Health IT Workforce Curriculum – initial impression

I've spent a number of hours today reviewing the ONC HIT Workforce Curriculum materials, and since I've seen many tweets referencing them .. I've seen little substantive narrative on their value – so I'll offer a bit here – with the caveat that this is the product of ~ 4 hours of review of only one component.  There is a mountain of material here – and while I had previously flipped through a handful of PowerPoints – today was the first time I sat down and listened to the presenters talk through each module from start to finish.  

It's an impressive set of work.  I was assigned component #12 (Quality Improvement) to review.  I can say with certainty that this isn't how I would have approached educating a group of HIT students on this topic.  Why not?

  • There is way too much detail.  Far too many trees – with only occasional views of the forest.  If I was a community college student – I wouldn't be able to digest or retain all of this detail – nor would I be able to distinguish between what's really important and what isn't.
  • Too acute-care focused.  There is far more emphasis on the challenges / opportunities / processes of acute care – with only occasional reference to outpatient care.   This is the opposite of what I would do.  Implementing HIT in mature settings (acute care facilities) is very different from outpatient settings – and small practices in particular.  Does an educated HIT worker really need to understand the Donabedian model or the SEIPS model?  No.  Never.  Call me anti-academic if you like (recall that I was an Associate Dean of Biomedical Informatics) but this material is just too deep for this audience.  
  • Disconnected from the roles that the learners are training for.  In many cases – speakers make reference to the "leadership roles" that the learners will play in health care organizations.  In the vast majority of cases – I can't imagine that the graduates of these training programs will become change agents or leaders in the organizations that hire them initially. This isn't to say that these folks aren't important (they are very important) or that they won't evolve into leaders in the years to come.  But this program isn't about training leaders – it's about training a group of  students to become familiar with this important field in order to fill a resource gap that exists in the "engine room" of the industry.  
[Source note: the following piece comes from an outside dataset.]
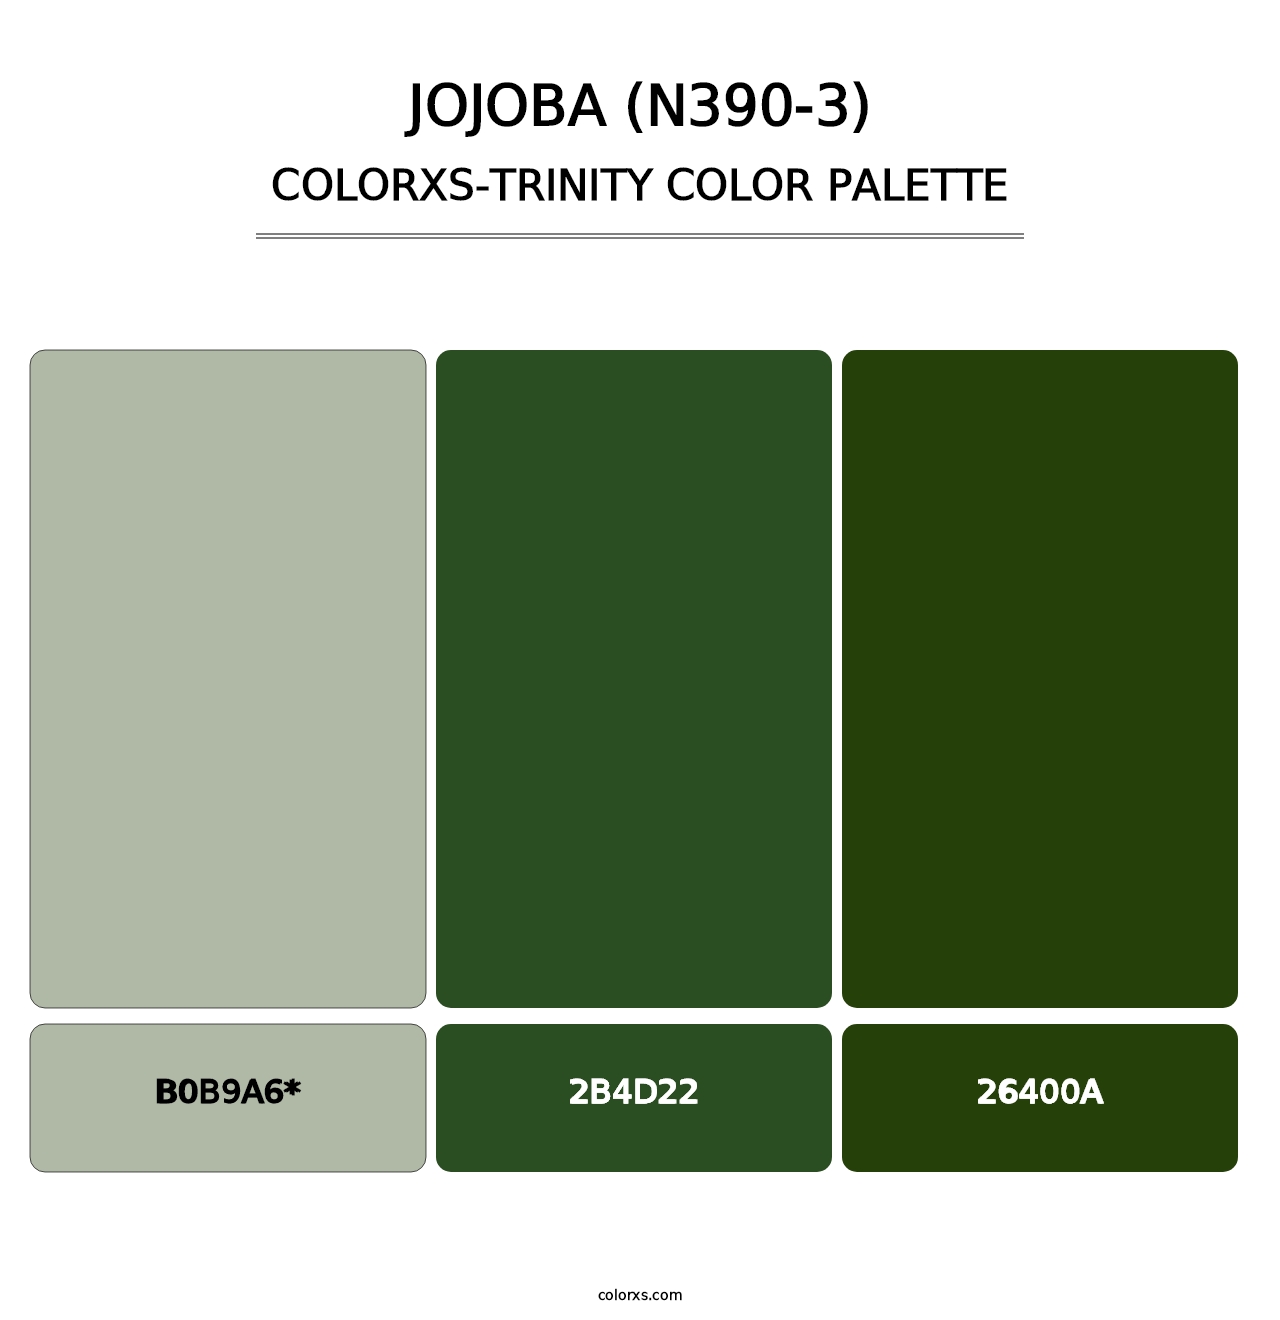 Jojoba (N390-3) - Colorxs Trinity Palette
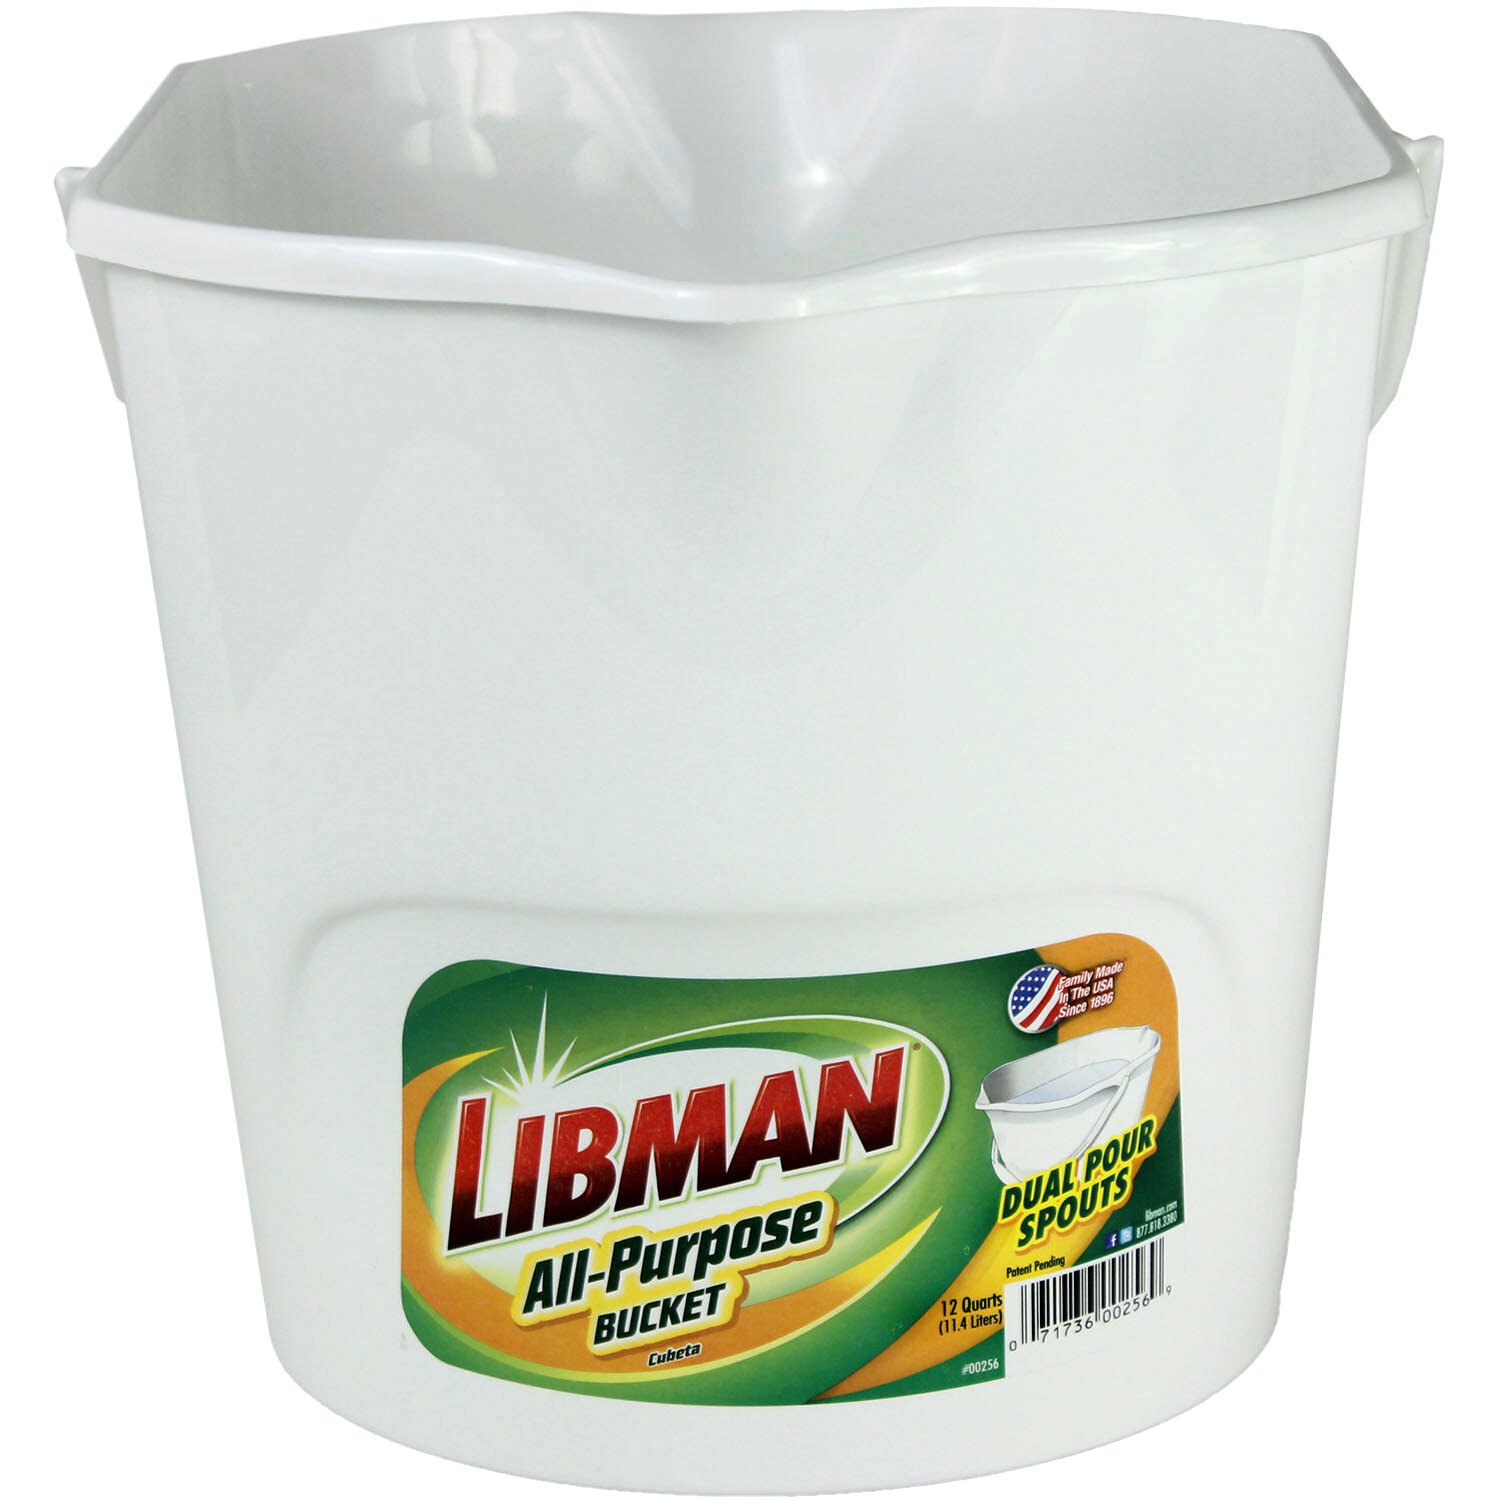 Libman 4 Gal Black Bucket

    Again – I want to be very clear:  this is IMPORTANT work – but we shouldn't suggest that these folks will be "leading" HIT initiatives in the near term.  That's just not realistic.   The educational needs of this group are therefore quite different from the needs of undergraduate computer science students (HIT developers-to-be?) , MPH students (strategic guides to-be?), AMIA 10×10 students (CMIOs-to-be?), or Medical/Nursing informatics students (CMIO/CNIO/etc to-be?).  Alas, in many instances – I got the sense that I was listening to the re-purposed lectures of educators who had been teaching to these other groups, but failed to separate the most salient nuggets for this new type of trainee.

Way back in the "dark ages" (10 years ago) when I was a full-time educator, I worked hard to make sure that I deeply understood the needs of my learners before I launched into "covering" material for them.    I think that's a core problem here:  the faculty who developed these materials were developing them for an audience with whom they have had little interaction – and the reviewers of the materials (generally informatics experts) are looking at this from a perspective of completeness with respect to informatics education curricula that exist today.  At one point – one of the faculty mentions a book that he has written on the topic of patient safety: "as you may have read in my book on this topic .. "  Oh please.  Really?  Do you expect that these folks have read your book?  Unlikely.  Have I?  Well .. yes I have – and it's a good book.  But this isn't a forum for pitching a book.  I would suggest that this sort of narrative offers little value – and may actually detract from the curriculum.  It's easy to remove – and probably should be.

While I am certainly  looking for gaps (as I've been asked to do) - my overall sense so far is that the flaws are the opposite:  too much detail – and too much expertise – with too much of a focus on what the educator KNOWS – and too little focus in the foundational material that the learner must UNDERSTAND.  

Having said all of this – I need to be clear that I think these materials are a great resources – and a great foundation for a strong training program.